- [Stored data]

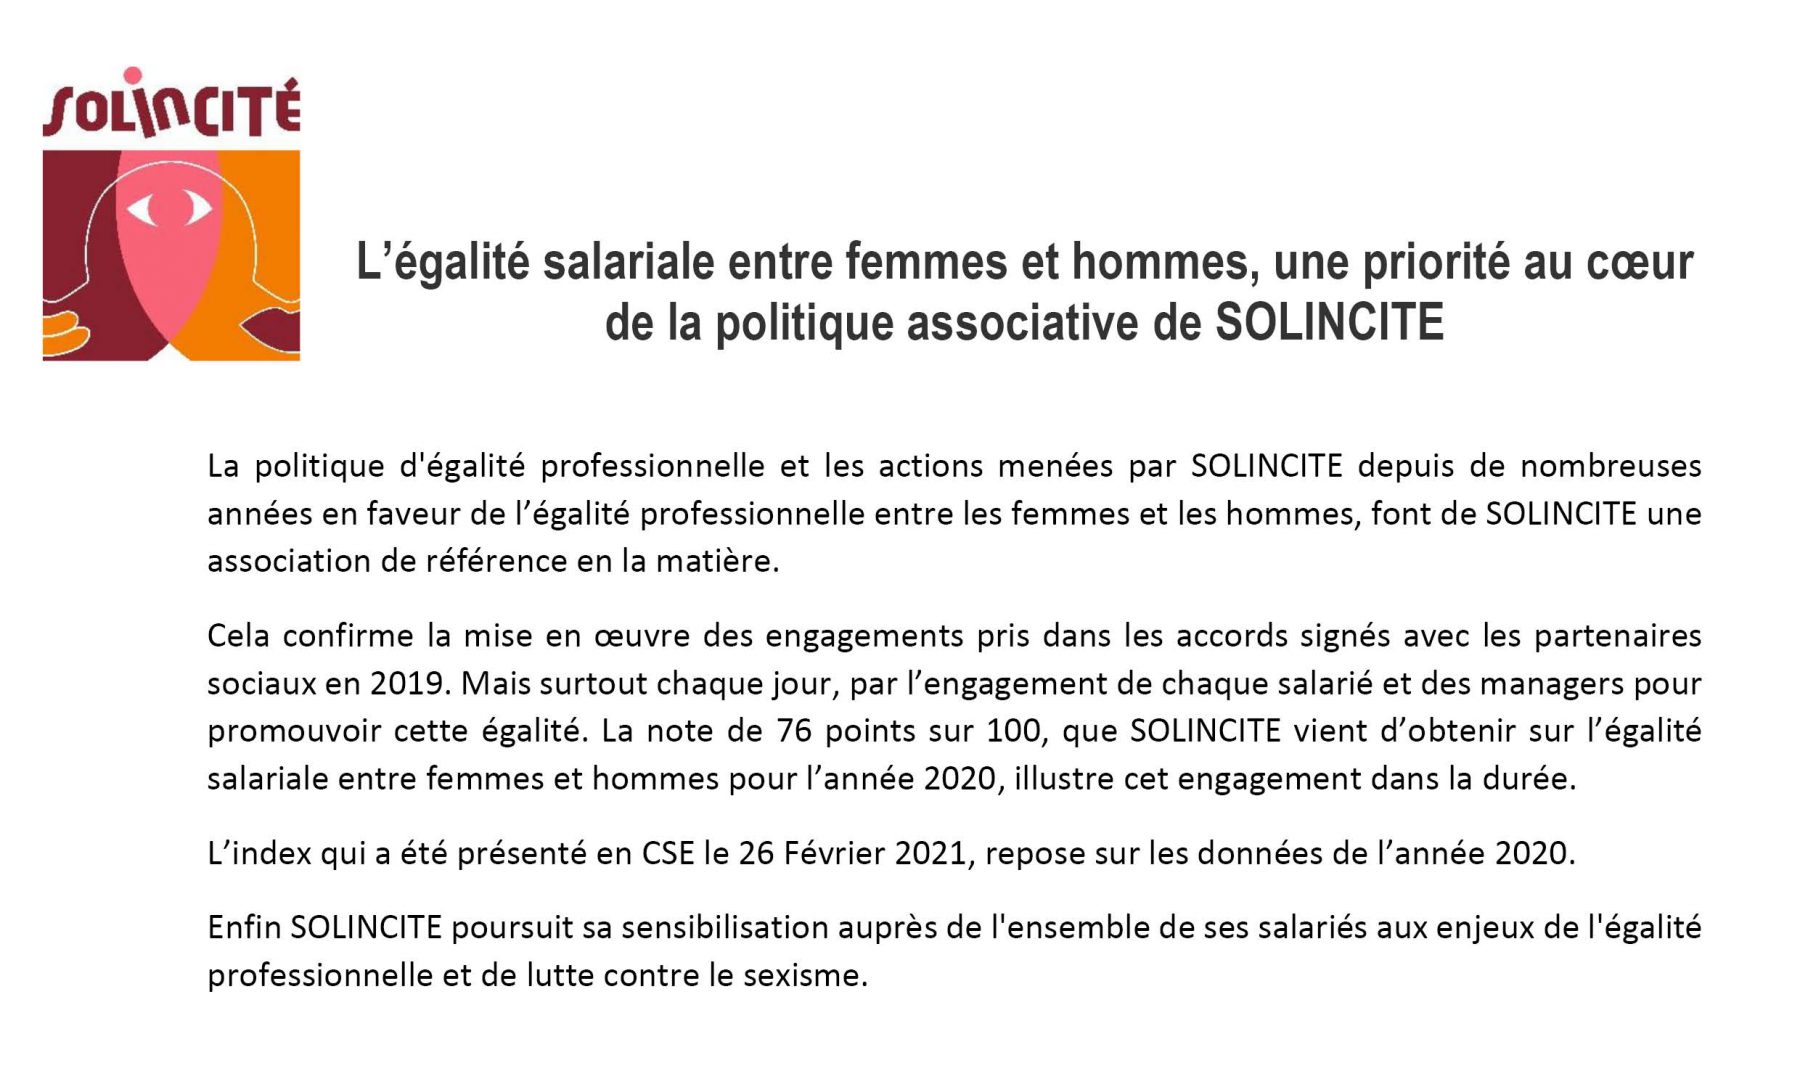 L’égalité salariale entre femmes et hommes, une priorité au cœur de la politique associative de SOLINCITE
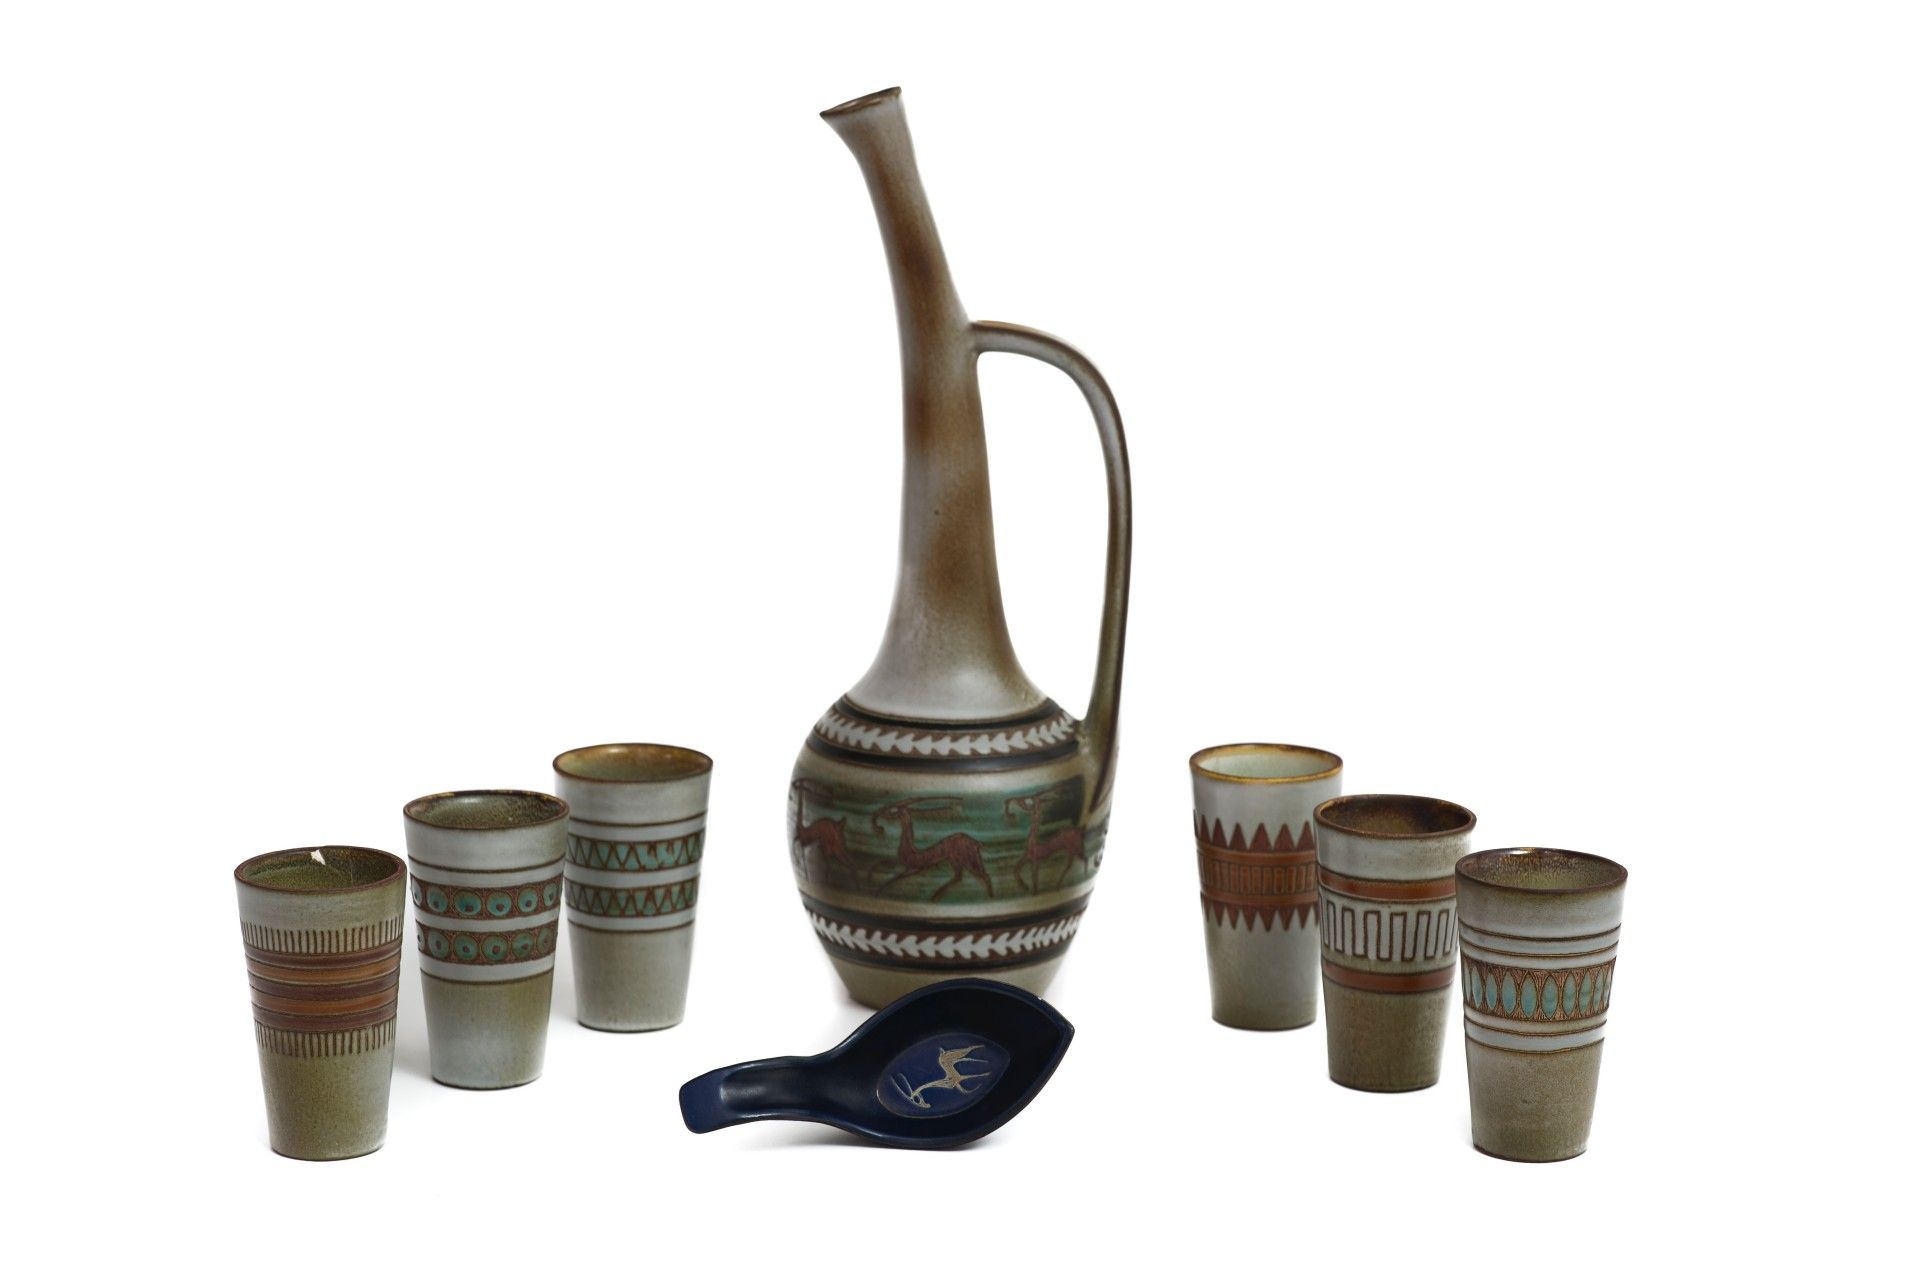 René MAUREL (1910 - 1986) 勒内-毛雷尔 (1910 - 1986)
服务

釉面陶瓷服务，包括一个水壶和六个高脚杯，附带一个盘子
芯片&hellip;

- [Task requirements]
With the images excluded, all entries are to be given again exactly.

- [Result of this exercise]
 L’égalité salariale entre femmes et hommes, une priorité au cœur de la politique associative de SOLINCITE
 René MAUREL (1910 - 1986) 勒内-毛雷尔 (1910 - 1986)
服务

釉面陶瓷服务，包括一个水壶和六个高脚杯，附带一个盘子
芯片&hellip;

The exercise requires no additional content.